At step 410, the computing device sends at least one of the one or more transcript-score pairs with an effect on the word-error rate of the ASR system to be annotated. For example, the computing device may determine one or more transcript-score pairs with a greatest effect on the WER of the ASR system, and the computing device may send the one or more transcript-score pairs with the greatest effect on the WER of the ASR system to be annotated. For example, the computing device may determine one or more transcript-score pairs with at least a threshold effect on the WER of the ASR system, and the computing device may send the one or more transcript-score pairs with at least the threshold effect one the WER of the ASR system to be annotated. For example, the computing device may, using the estimator, determine one voice query with a highest variance among the one or more voice queries. The computing device may determine the variance associated with the one voice query of the one or more voice queries is sufficiently large. The computing device may determine the voice query should be annotated for use as a training sample in the ASR system. The annotation may be done by a human annotator. The annotated training sample may be provided to the ASR system to update the ASR system's training corpus and improve an accuracy of the ASR system to recognize voice queries of a certain type.
At step 502, an ASR system receives a plurality of voice queries. The voice queries may be received from a single user, or the plurality of voice queries may be received from a plurality of users. The voice queries may be received substantially simultaneously, or the voice queries may be received over a period of time. The voice queries may each be unique voice queries, or the voice queries may all be related to the same query but produced by different users.
At step 504, the ASR system may determine at least one transcript-score pair associated with each of the plurality of voice queries. Each voice query of the plurality of voice queries may be associated with a single transcript-score pair, or each voice query of the plurality of voice queries may be associated with a plurality of transcript-score pairs, or any suitable combination. Each one of the at least one transcript-score pairs may comprise a predicted transcription associated with a voice query, as well as a confidence score associated with a likelihood that the predicted transcription is the same as a true transcription of the associated voice query. The ASR system may output a subset of all possible transcript-score pairs by outputting each transcript-score pair with a threshold confidence score. The ASR system may send the transcript-score pairs to a computing device to calculate the WER of the ASR system and to determine further training samples.
At step 506, the computing device may receive each one of the at least one transcript-score pairs associated with each of the plurality of voice queries. Each one of the transcript-score pairs may be received substantially simultaneously, or the transcript-score pairs may be received over a period of time. The computing device may process the transcript-score pairs as each one is received from the ASR system, or the computing device may group a plurality of transcript-score pairs and process the plurality of transcript-score pairs together.

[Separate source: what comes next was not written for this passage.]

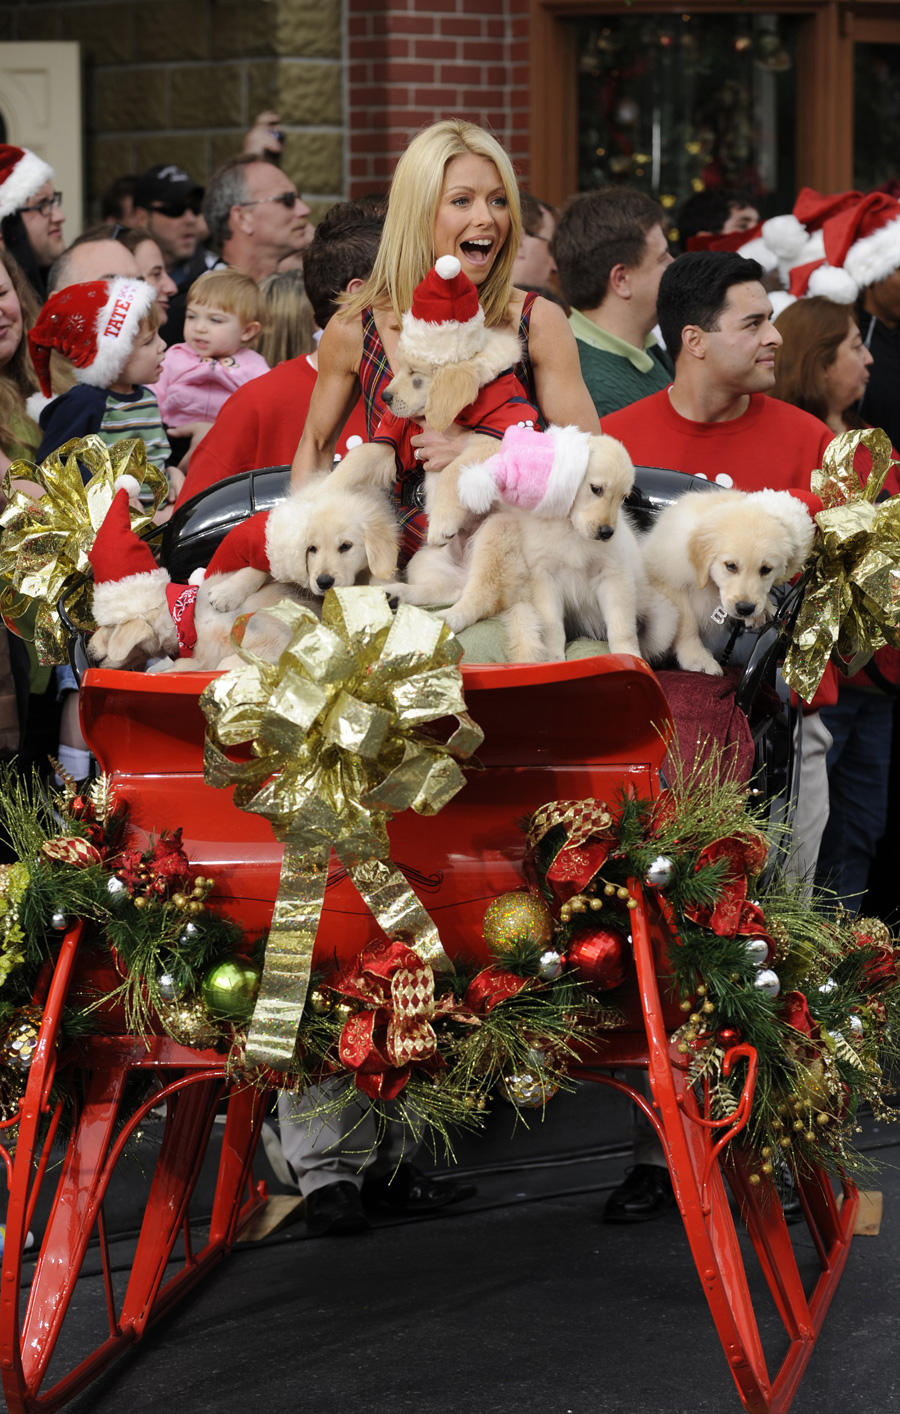 disney parks christmas day parade airs december 25 disney parks blog. Black Bedroom Furniture Sets. Home Design Ideas

At step 508, the computing device may determine a WER estimator associated with the ASR system. The WER estimator may be based at least in part on the ASR system itself, and the WER estimator may be based at least in part on a confidence associated with an output of the ASR system. For example, the WER estimator may be based at least in part on a confidence score determined by the ASR system associated with a transcript-score pair. The computing device may determine, based at least in part on the confidence associated with the ASR system, the WER estimator, and the WER estimator may be configured to determine a WER associated with the overall ASR system. Additionally, or alternatively, the WER estimator may be configured to determine a WER associated with an individual voice query of the plurality of voice queries.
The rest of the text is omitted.